Content starts

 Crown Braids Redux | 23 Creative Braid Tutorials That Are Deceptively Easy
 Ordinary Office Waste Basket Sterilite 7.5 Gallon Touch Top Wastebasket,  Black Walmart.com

Content ends
Content starts

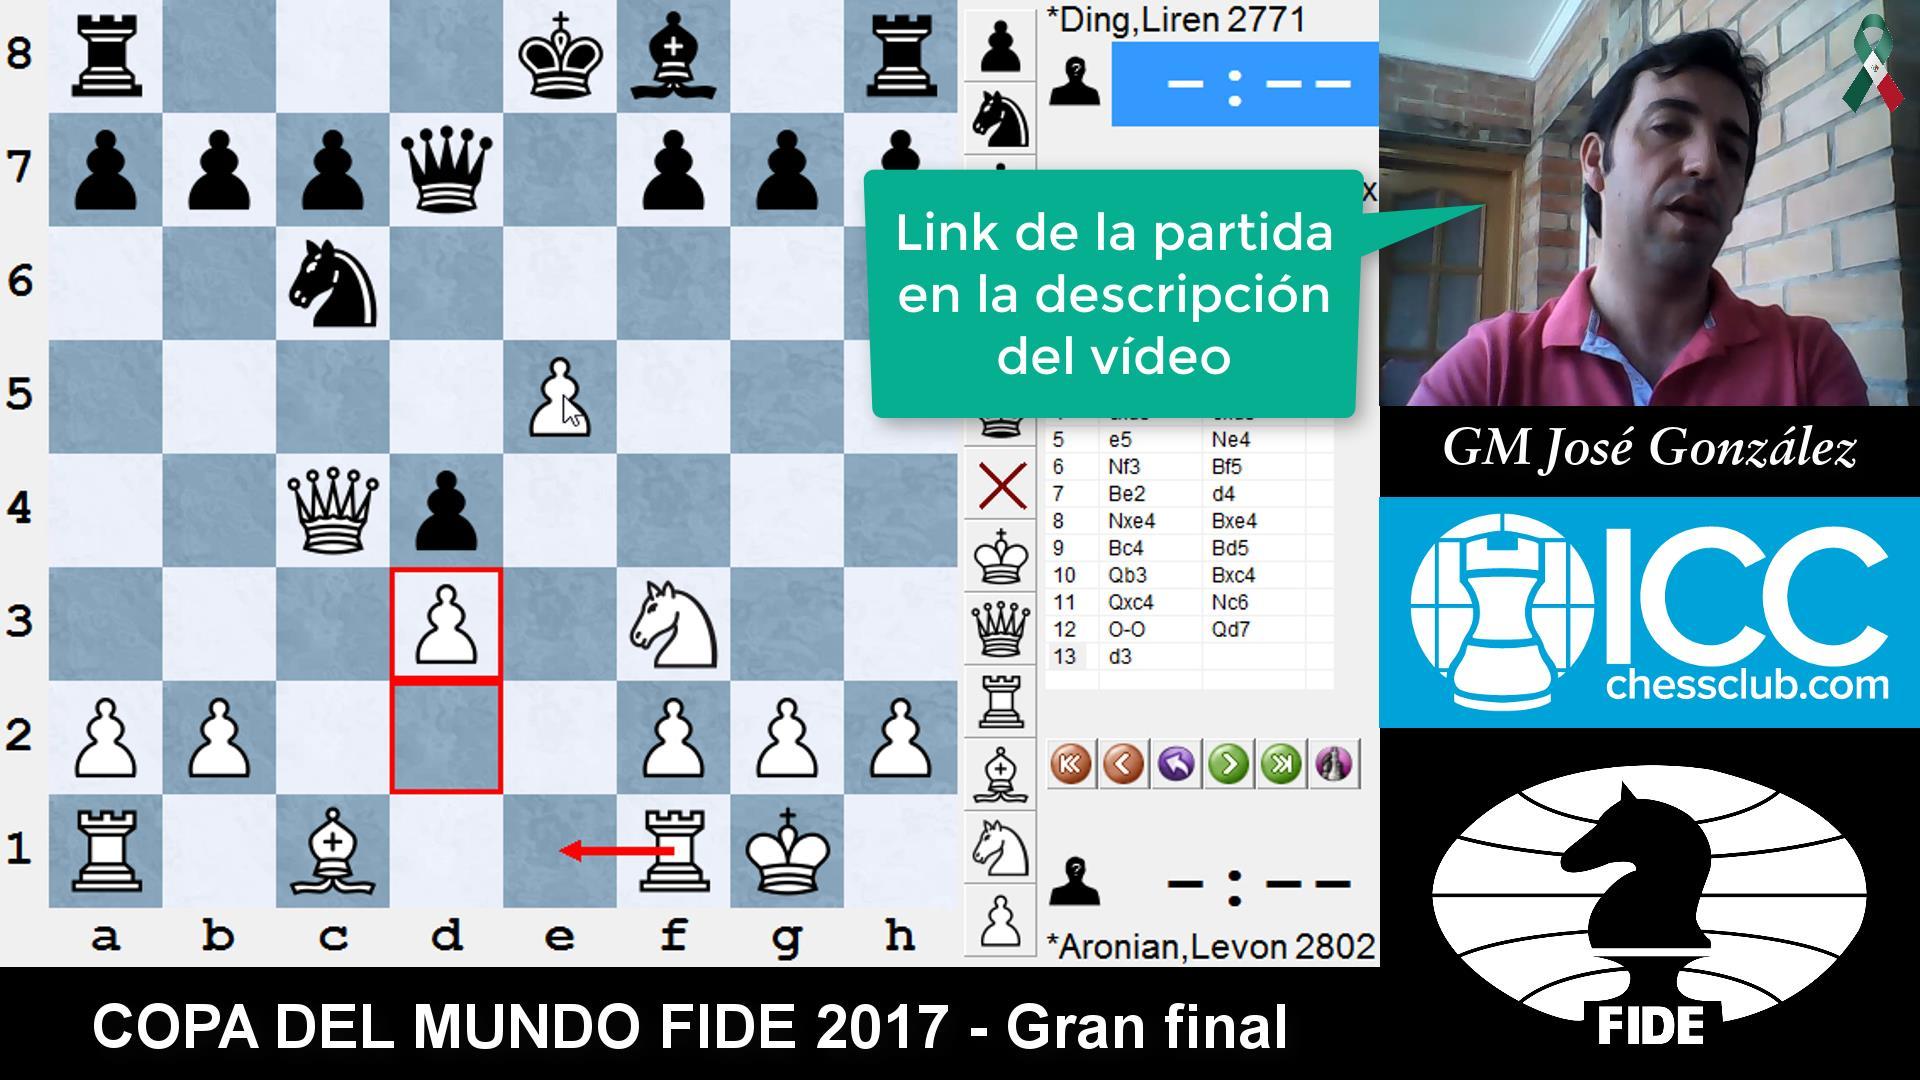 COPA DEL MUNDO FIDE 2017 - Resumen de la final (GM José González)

Content ends

▶ Task directions:
Using the entries above, give again exactly the lines from the line holding "Crown Braids Redux" through the line holding "Ordinary Office Waste". Include both end lines and nothing else.

▶ Result of this exercise:
 Crown Braids Redux | 23 Creative Braid Tutorials That Are Deceptively Easy
 Ordinary Office Waste Basket Sterilite 7.5 Gallon Touch Top Wastebasket,  Black Walmart.com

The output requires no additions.